Lianas afford important opportunities for the investigation of rainforests in that they are largely dependent on the presence of a developed rainforest biome, in which they reach their highest diversity. Lianas constitute 15–25% of the woody stem density and species diversity in modern rainforests (Gentry, 1991) and contribute up to 40% of forest leaf area and leaf productivity (Hegarty & Caballé, 1991). They are therefore an important physiognomic and structural component of modern tropical rainforests (Gentry, 1991; Schnitzer & Bongers, 2002). Additionally, lianas also play a crucial role in many aspects of rainforest dynamics, including suppressing tree regeneration, increasing tree mortality, indirectly promoting pioneer tree growth, and providing essential food and much-needed structural components of the habitat to many forest animals (Emmons & Gentry, 1983; Schnitzer & Bongers, 2002). Thus, lianas are regarded as a key indicator of modern tropical rainforests (Upchurch & Wolfe, 1987; Gentry, 1991; Richards, 1996).
In this paper we test the hypothesis that the establishment of modern tropical rainforests in different tropical areas was not synchronous by examining the historical diversification and biogeography of the angiosperm family Menispermaceae (moonseed family).

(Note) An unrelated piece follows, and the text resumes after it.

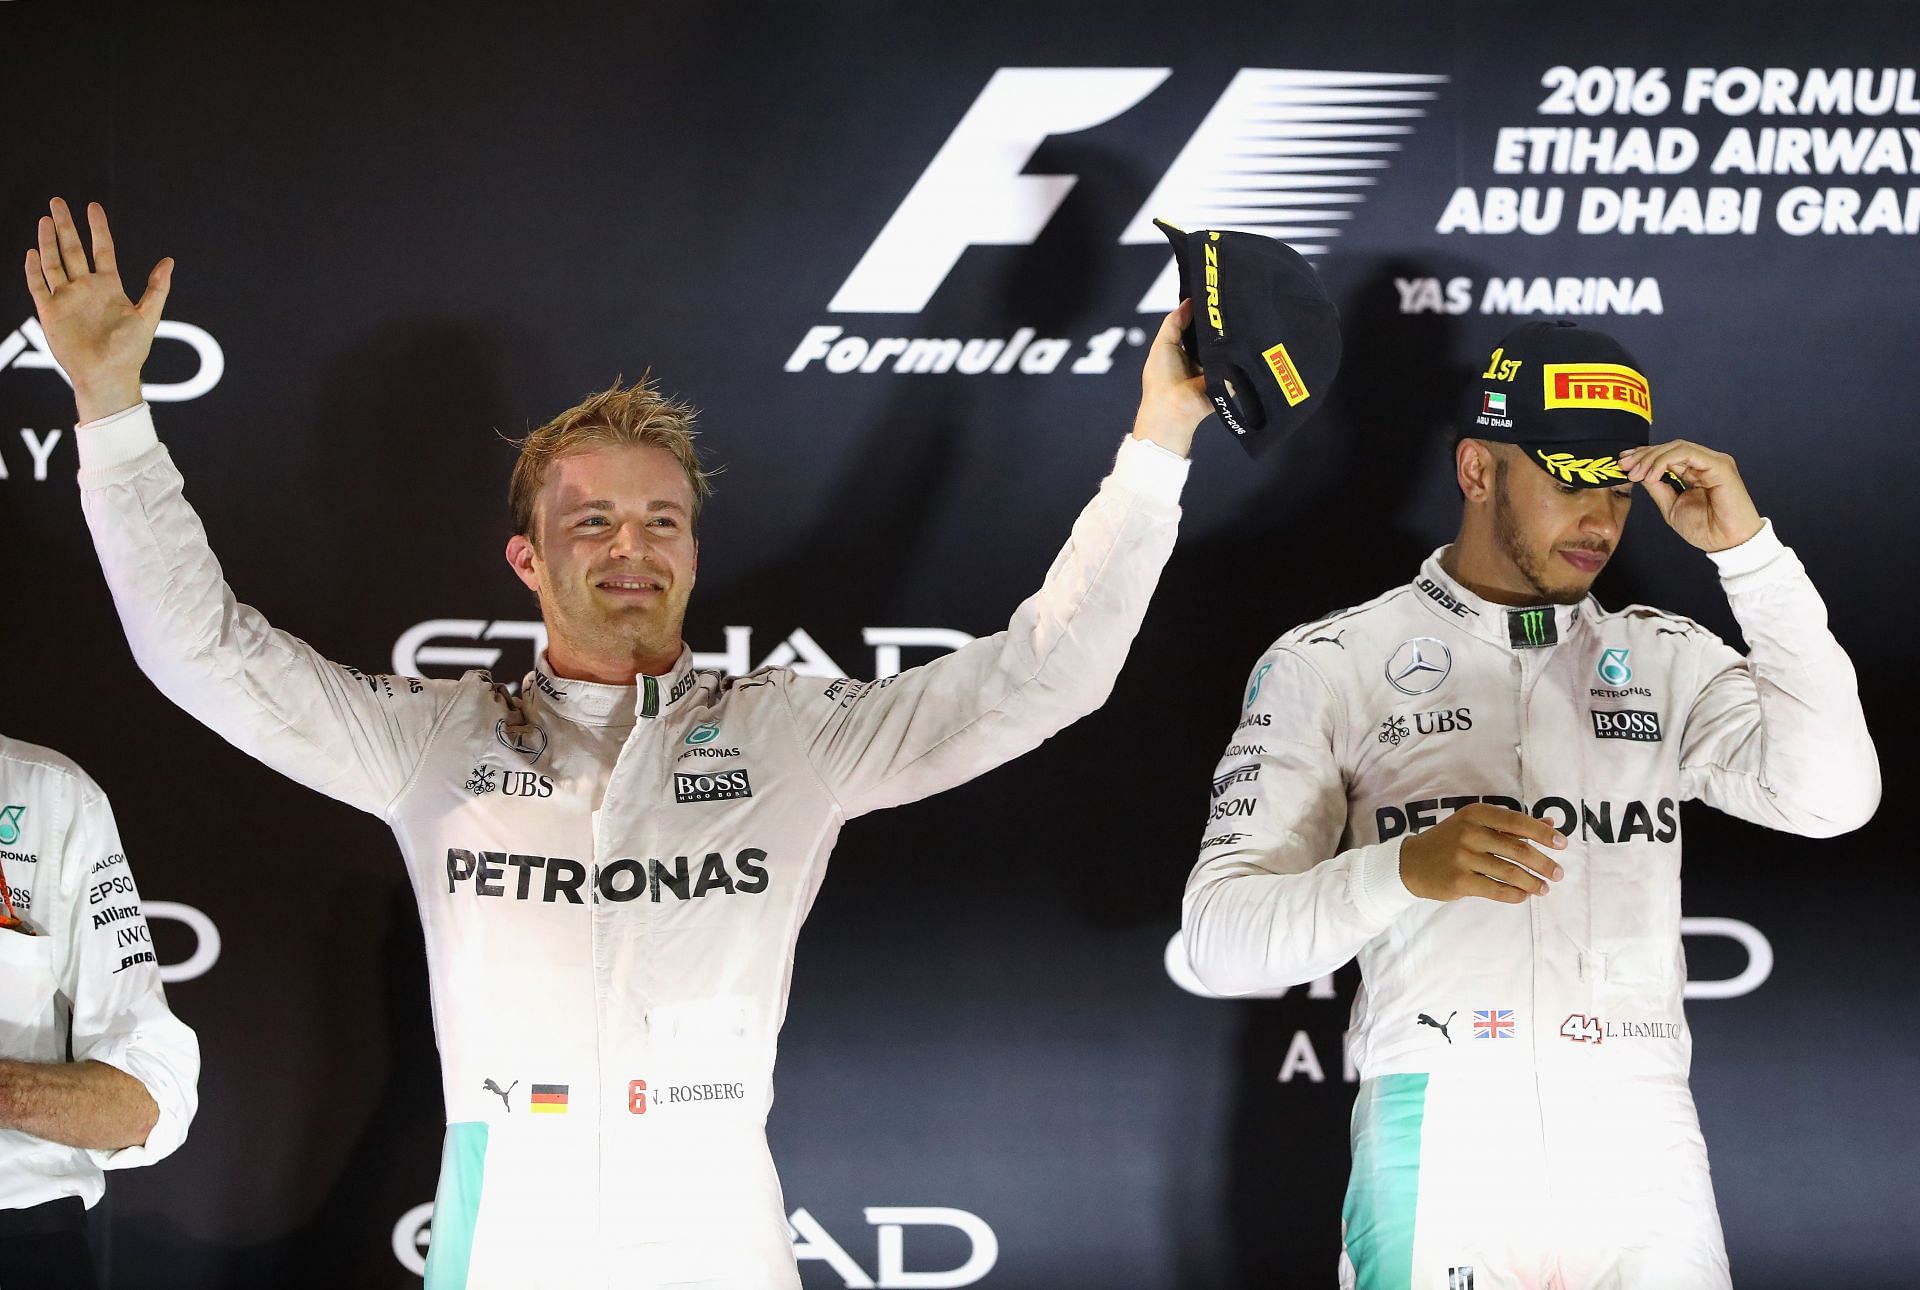  Nico Rosberg and Lewis Hamilton on the podium during the Abu Dhabi Formula One Grand Prix at Yas Marina Circuit on November 27, 2016, in Abu Dhabi, United Arab Emirates (Photo by Clive Mason/Getty Images)

Menispermaceae are a very important representative of liana families in tropical rainforests (Upchurch & Wolfe, 1987; Gentry, 1991; Richards, 1996) and therefore offer a remarkable opportunity for studying the diversification of tropical rainforests on a worldwide basis. Menispermaceae are one of the 10 most dominant liana families in tropical rainforests (Supporting Information Fig. S1; also see Fig. 2 in Nabe-Nielsen, 2001), which contribute substantially to the diversity and abundance of woody plants (Gentry, 1991; Nabe-Nielsen, 2001). Only two genera of the family, Antizoma (three species) and Menispermum (two species), are not distributed in tropical rainforests at all, whereas the remaining 70 genera are entirely or mostly distributed in tropical rainforests (Supporting Information Table S1). Stem anatomical features indicate that moonseed plants are well adapted to warm humid habitats (Carlquist, 2007). Additionally, the swollen regions at the base of the petioles are also an adaptation to tropical rainforests, with the function of turning the lamina to face the maximum light (Forman, 1986). Both the fossil record and molecular dating studies indicate that Menispermaceae are an ancient angiosperm lineage. The oldest putative fossil endocarp of the family comes from the Turonian of central Europe (91 Ma). Some fossil leaves found in North America and Asia (but unconvincingly determined as Menispermaceae) extend back to the Early Cretaceous (Doria et al., 2008). Recent molecular clock estimates suggest a stem age of 121.8 Ma for the family (115.6–125.0; Jacques et al., 2011).
Here, we first reconstruct a robust phylogenetic framework for Menispermaceae using five chloroplast DNA regions with more extensive sampling at the generic level than in any previous study. By integrating phylogenetic, biogeographic and molecular dating methods, we then investigate the temporal and spatial diversification of Menispermaceae on a global basis. Finally, we use the moonseed family as an indicator to explore the diversification of tropical rainforests worldwide. That is, we attempt to assess whether the establishment of modern tropical rainforests in different tropical areas was synchronous or asynchronous.